- TASK DIRECTIONS -
From the first line to the last, restate the data exactly, leaving out the images.

- MATERIAL PROVIDED -

-- Opening Marker --

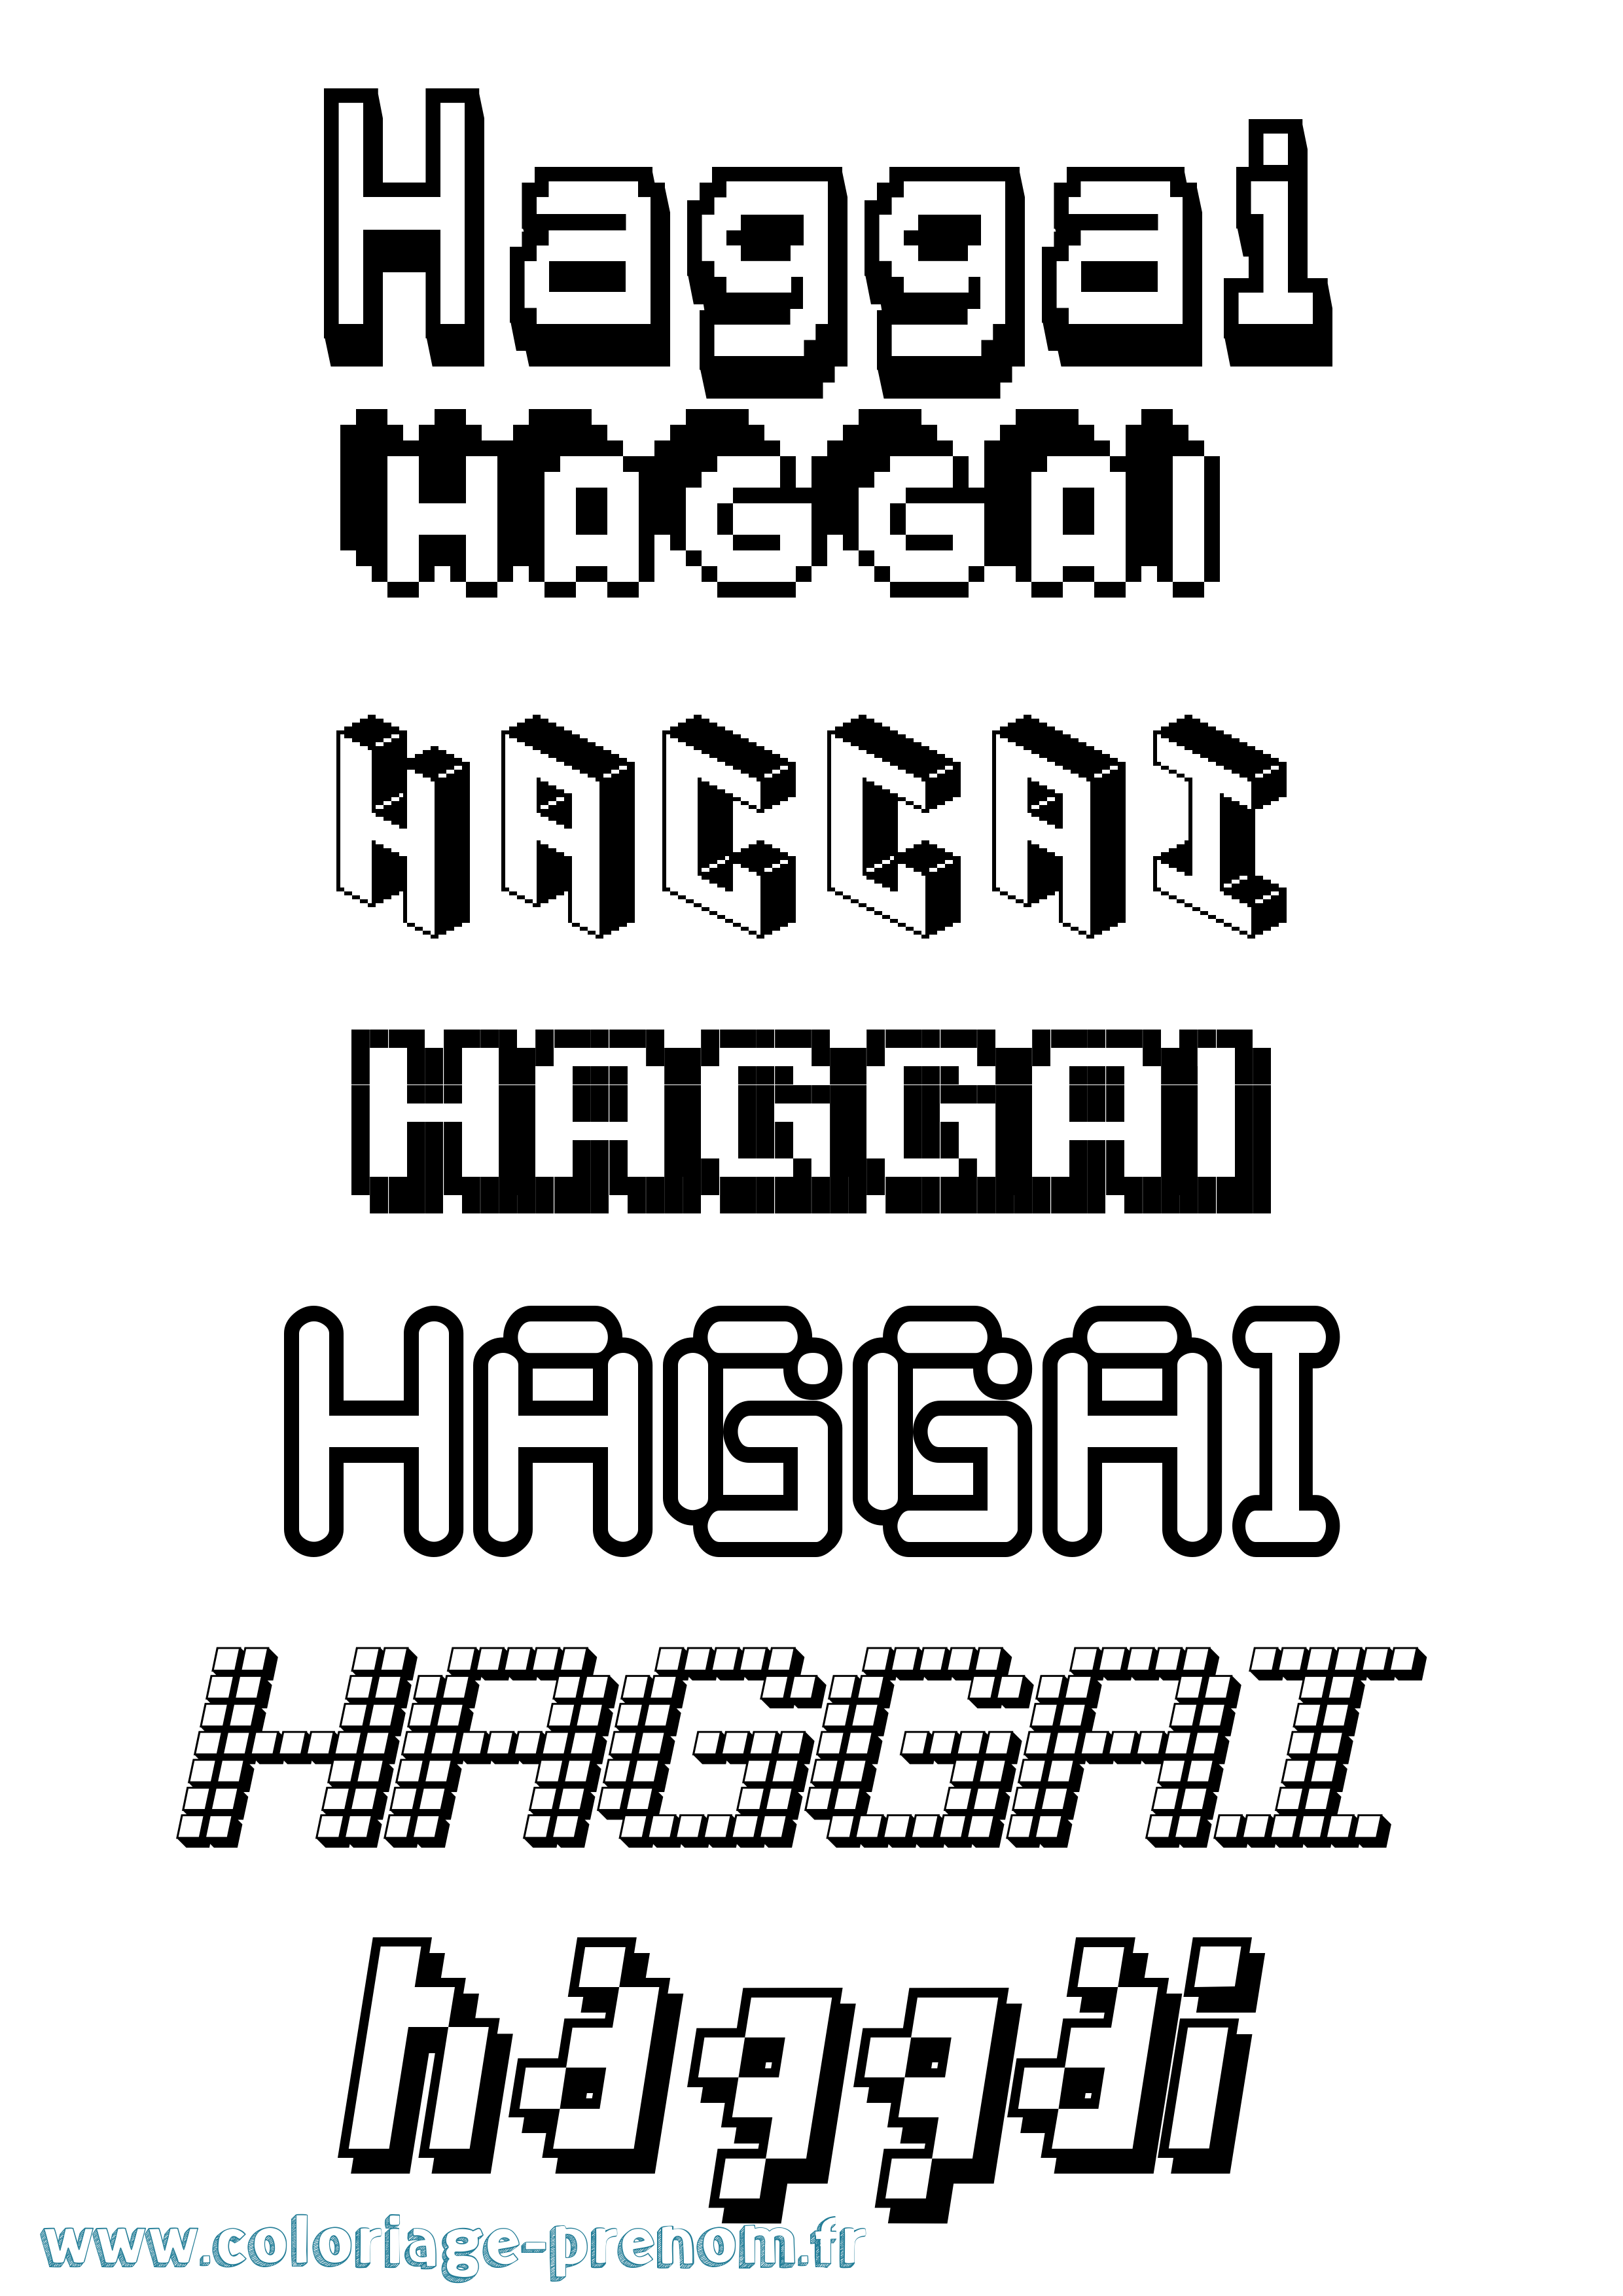 Coloriage prénom Haggai Pixel
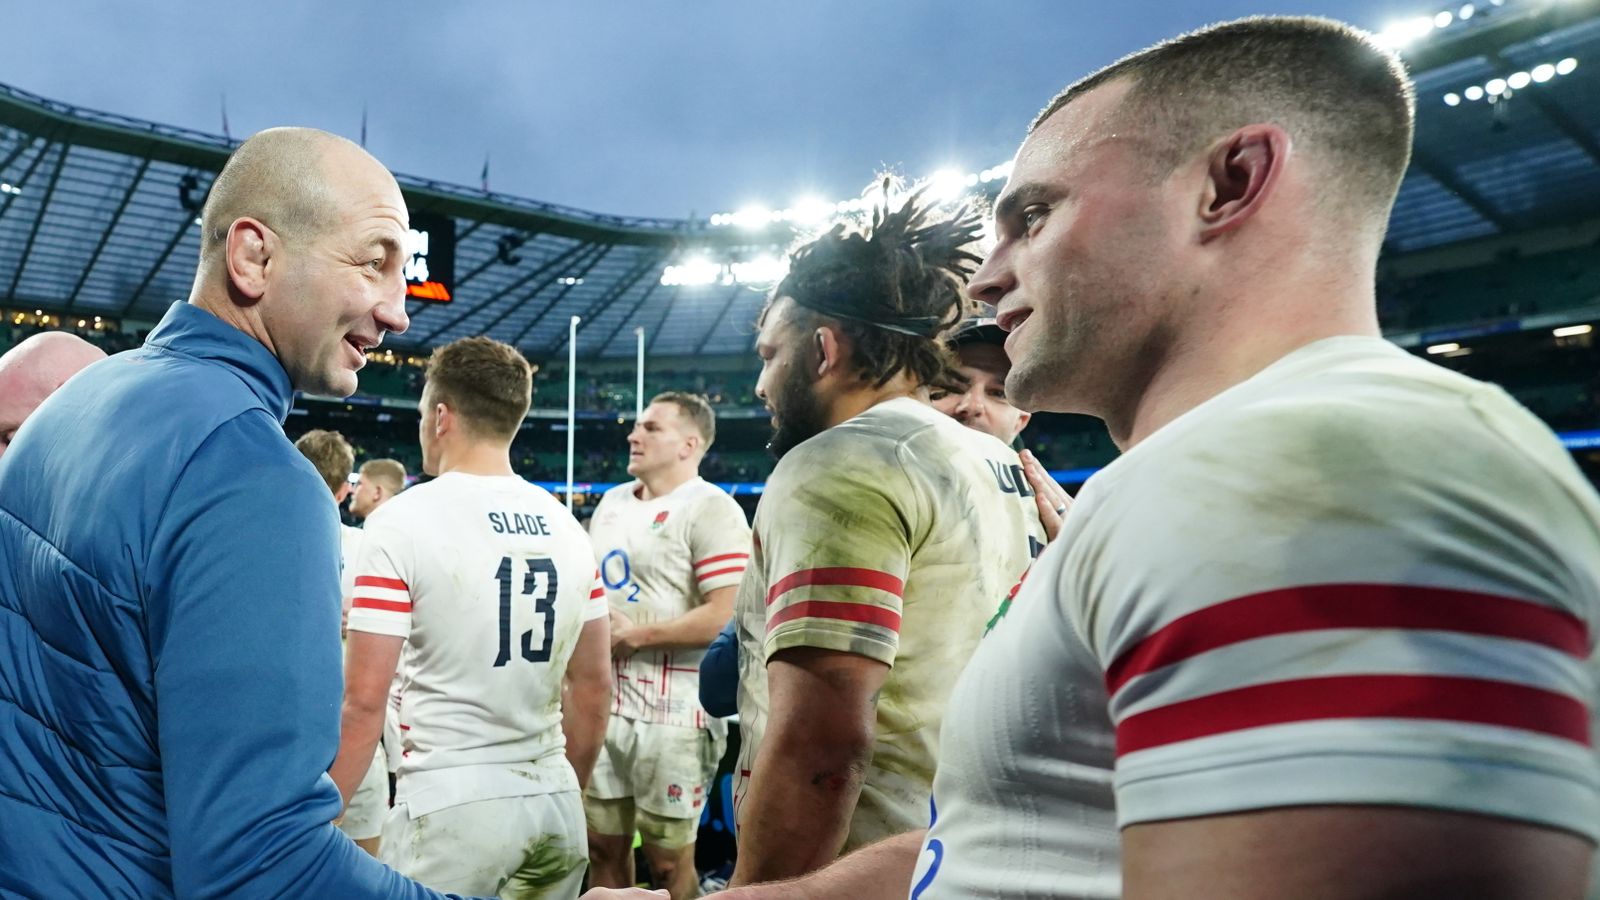 Steve Borthwick: l’entraîneur-chef de l’Angleterre tient à comprendre l’habitude de s’estomper tard dans les matchs des Six Nations |  Actualités du rugby à XV
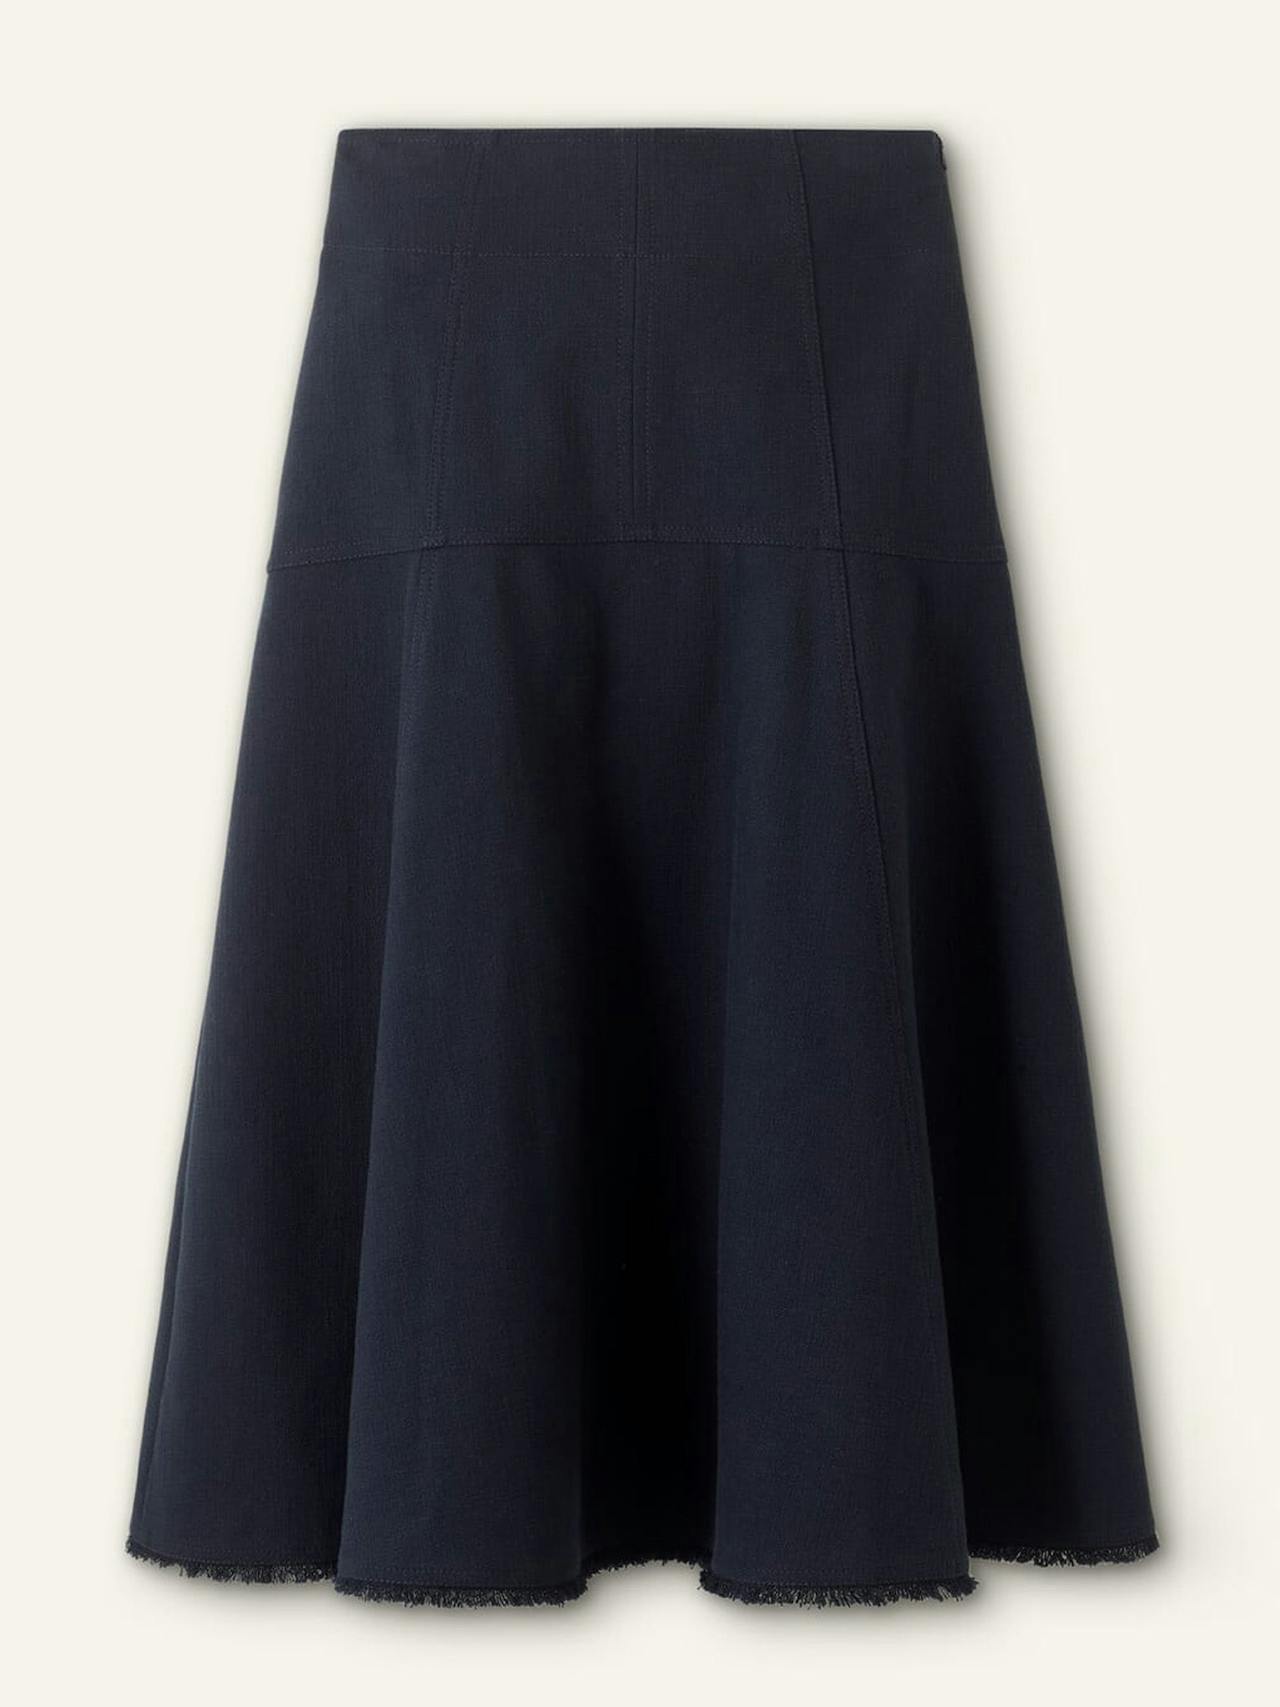 Textured cotton-blend skirt
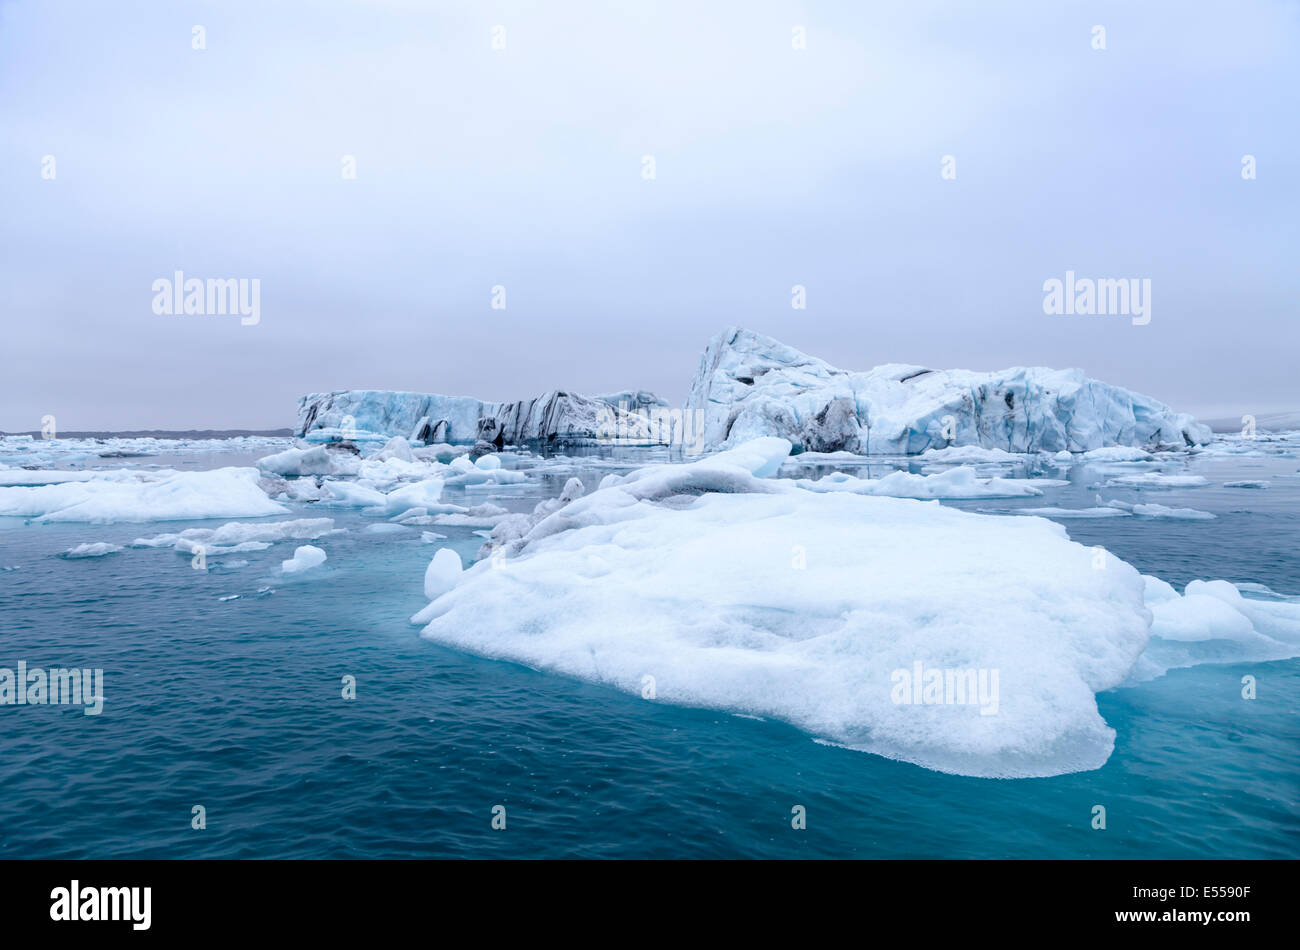 Les glaces flottantes et des icebergs dans les eaux turquoise de la Lagune glaciaire du Jökulsárlón, Islande Banque D'Images

-- Closing Marker --

- OUTPUT OF THE TASK -
 Coloriage prénom Haggai Pixel
 Steve Borthwick: l’entraîneur-chef de l’Angleterre tient à comprendre l’habitude de s’estomper tard dans les matchs des Six Nations |  Actualités du rugby à XV
 Textured cotton-blend skirt
 Les glaces flottantes et des icebergs dans les eaux turquoise de la Lagune glaciaire du Jökulsárlón, Islande Banque D'Images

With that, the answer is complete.